The gene mutation responsible for a condition in which eye and brain development is severely disrupted in infants has been discovered by researchers.
They also suggest a potential remedy that would involve a simple, daily dietary supplement.
The condition is one of the congenital disorders of glycosylation or CDG, a group of syndromes in which inborn metabolic errors result in serious, sometimes fatal, malfunctions of different organ systems, especially the nervous system, muscles and intestines.
"We found the long-sought polyprenol reductase that has been suspected for decades" said Joseph G. Gleeson of Howard Hughes Medical Institute.
"Using a human genetic approach, we were able to not only find a clue to understand this class of disorder, but also to solve a basic science problem," he added.
"Dolichol is used by the cell like a truck to transport glycans to their destination but also as a support to build them" said Vincent Cantagrel of UC San Diego.

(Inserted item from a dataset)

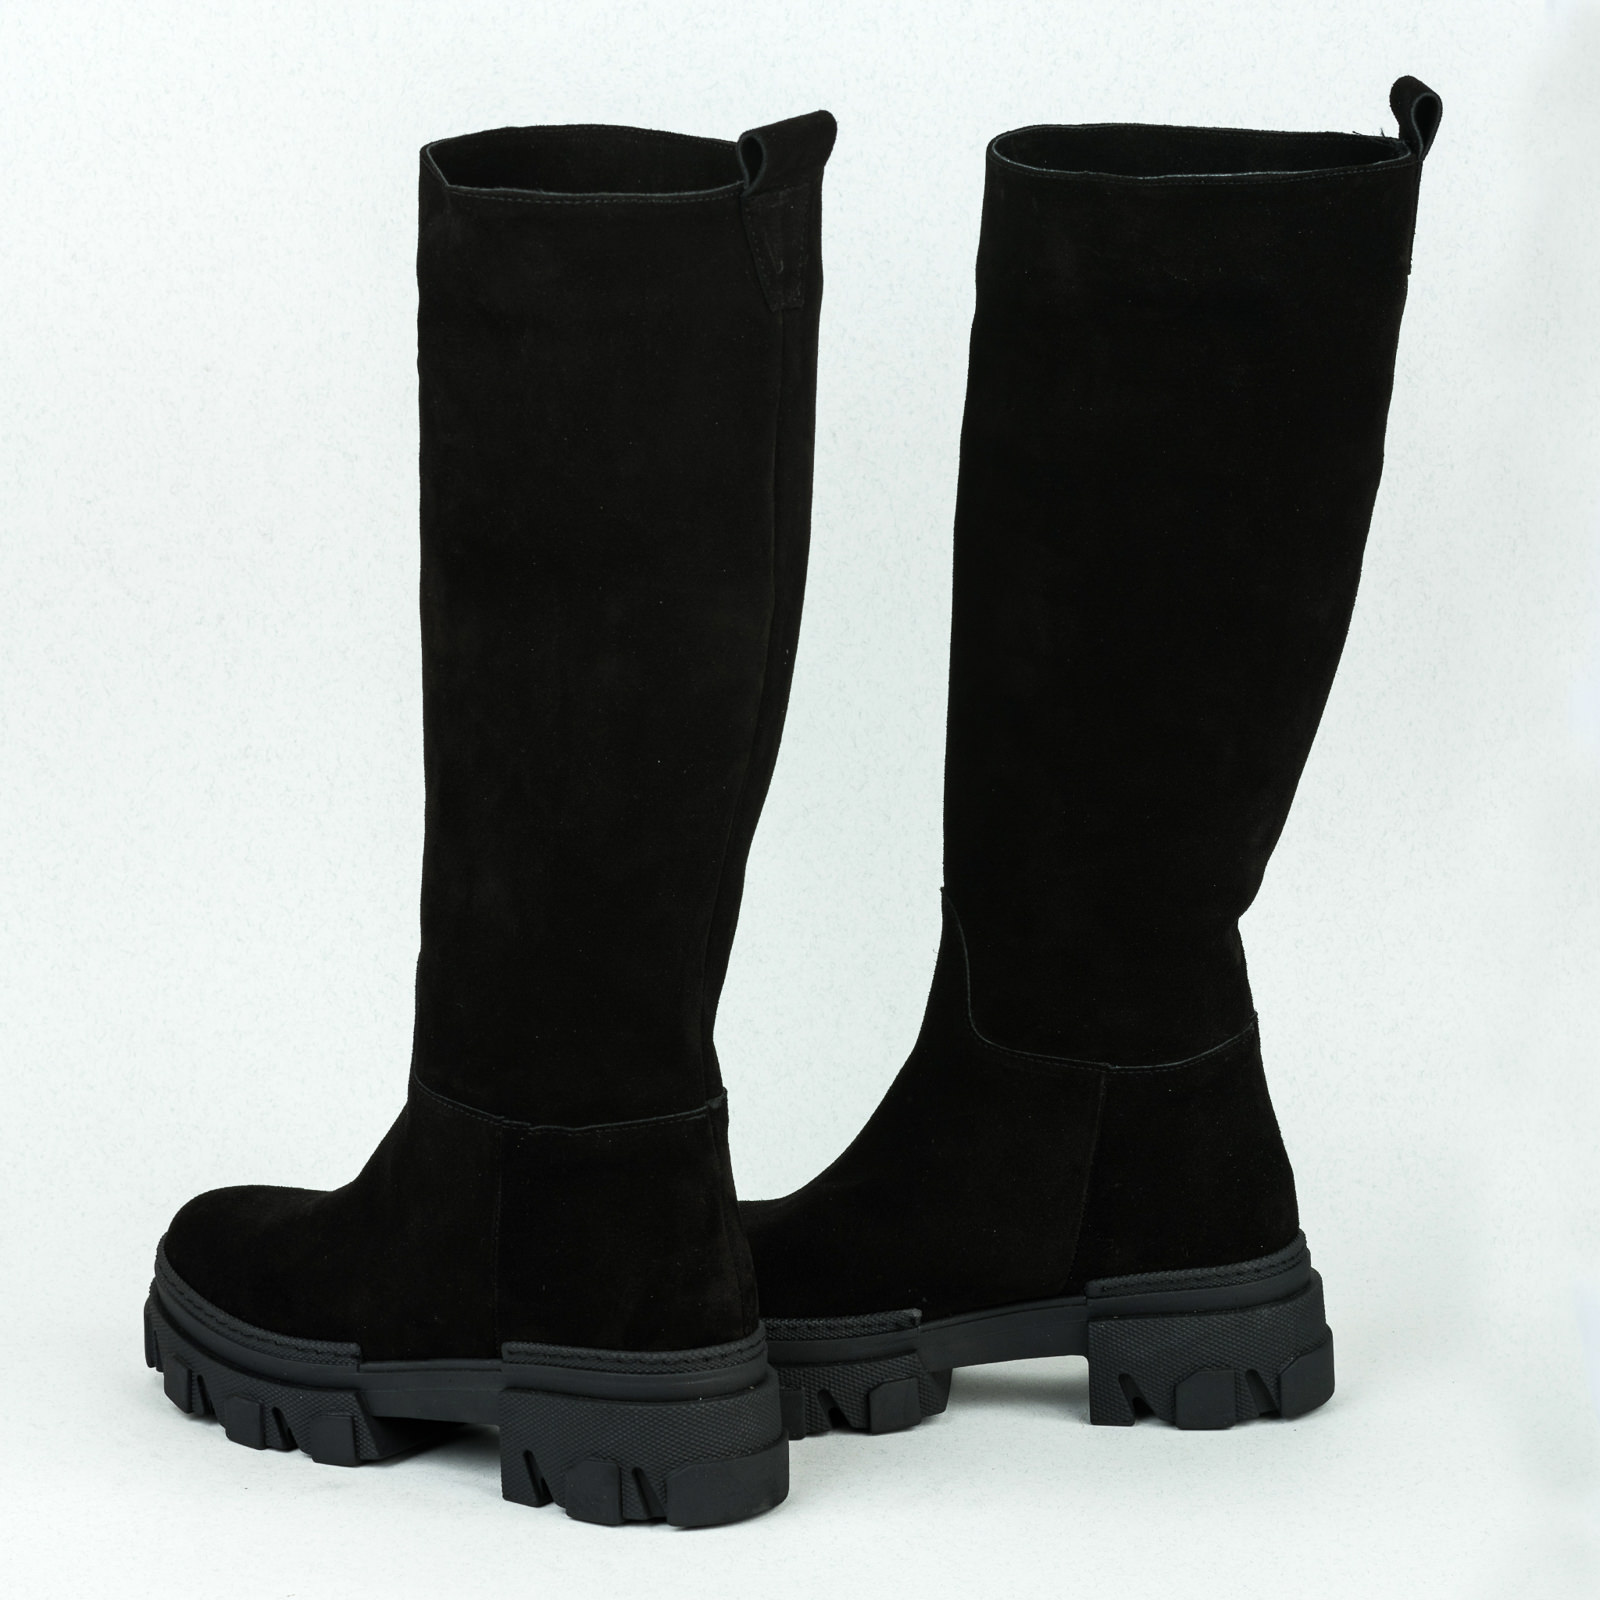 Leather WATERPROOF boots B127 - BLACK

"A defect in this transportation results in a less efficient process of glycosylation. Some proteins will miss some glycan chains and will not function correctly," he added.
In CDG cases, the conversion from polyprenol to dolichol is blocked by a mutation in the SRD5A3 gene.

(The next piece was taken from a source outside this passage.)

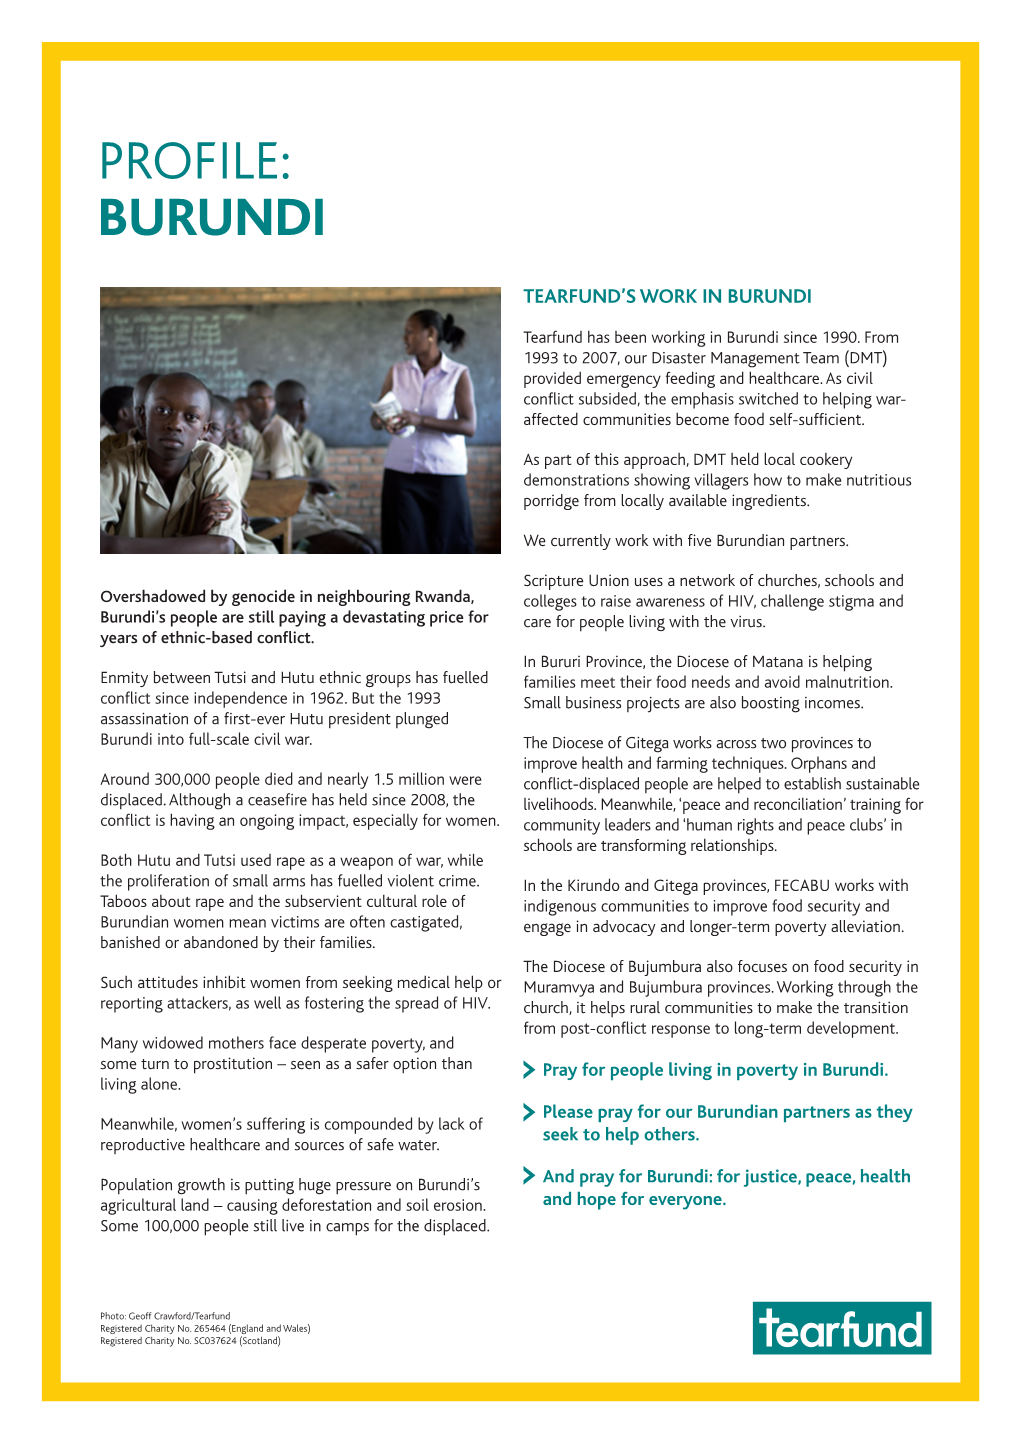 Profile: Burundi

"The mutation is inherited recessively. Both parents must pass along a mutated copy, which is why you don't see it so much in the US. However, in the Middle East, where marriage of cousins is common, these diseases are much more prevalent," said Gleeson.
Identifying the blockage, Gleeson said, pointed to a possible treatment.

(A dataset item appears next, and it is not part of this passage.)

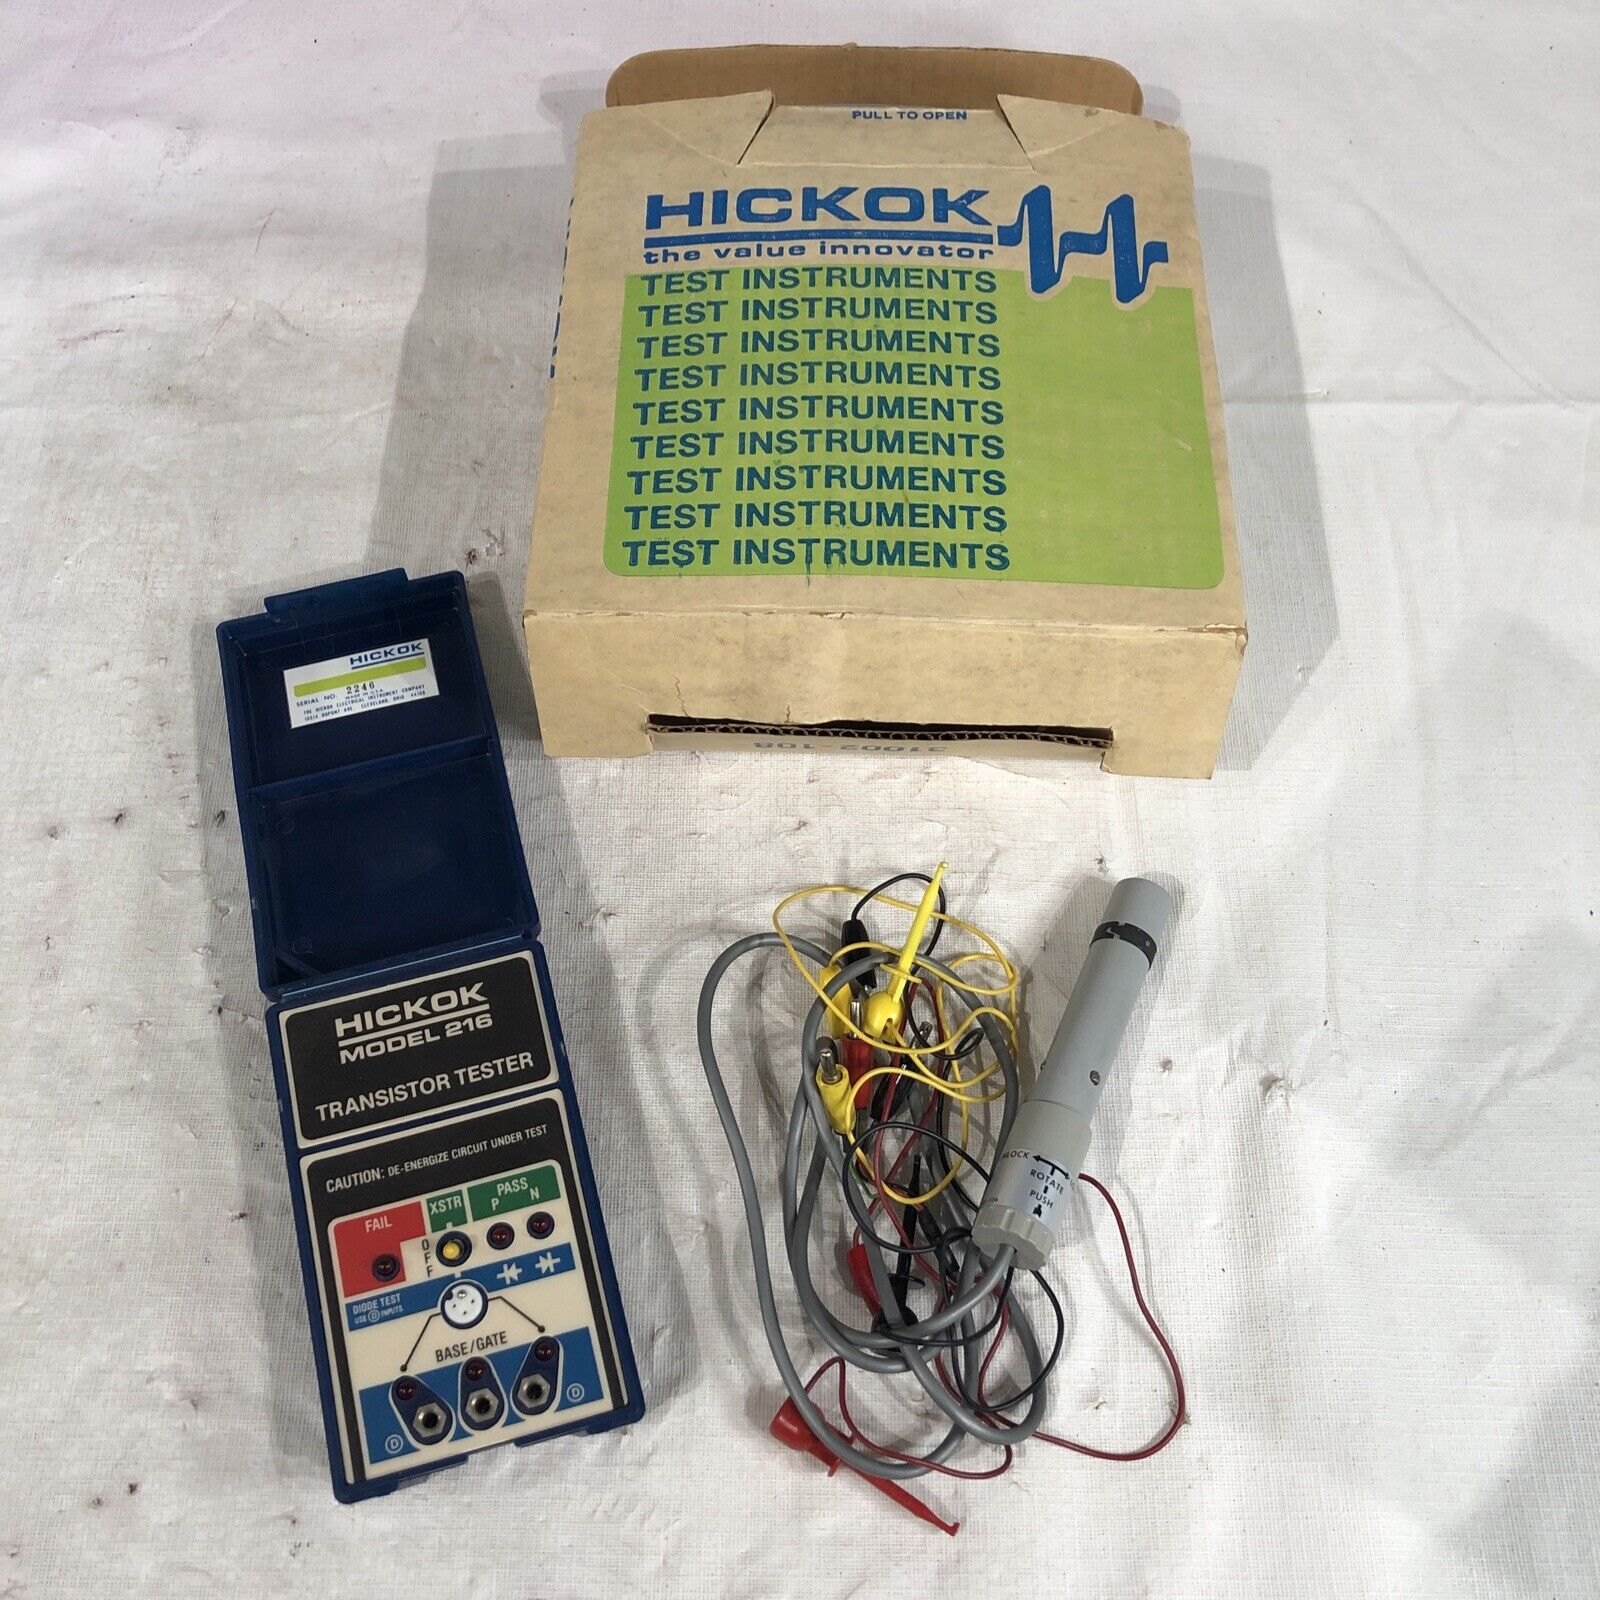 Hickok Pocket Semiconductor Analyzer Model 215 w/ Probes, Box

"The key was identifying the enzyme's role in producing dolichol. This is the basic step that is blocked in our patients, and the disease is the result.
"Our idea is that if you feed these patients dolichol, that might just treat the condition. It would be similar to giving insulin to diabetics. It's a simple solution, but one nobody had thought of," he added.
The findings were published in an online journal Cell.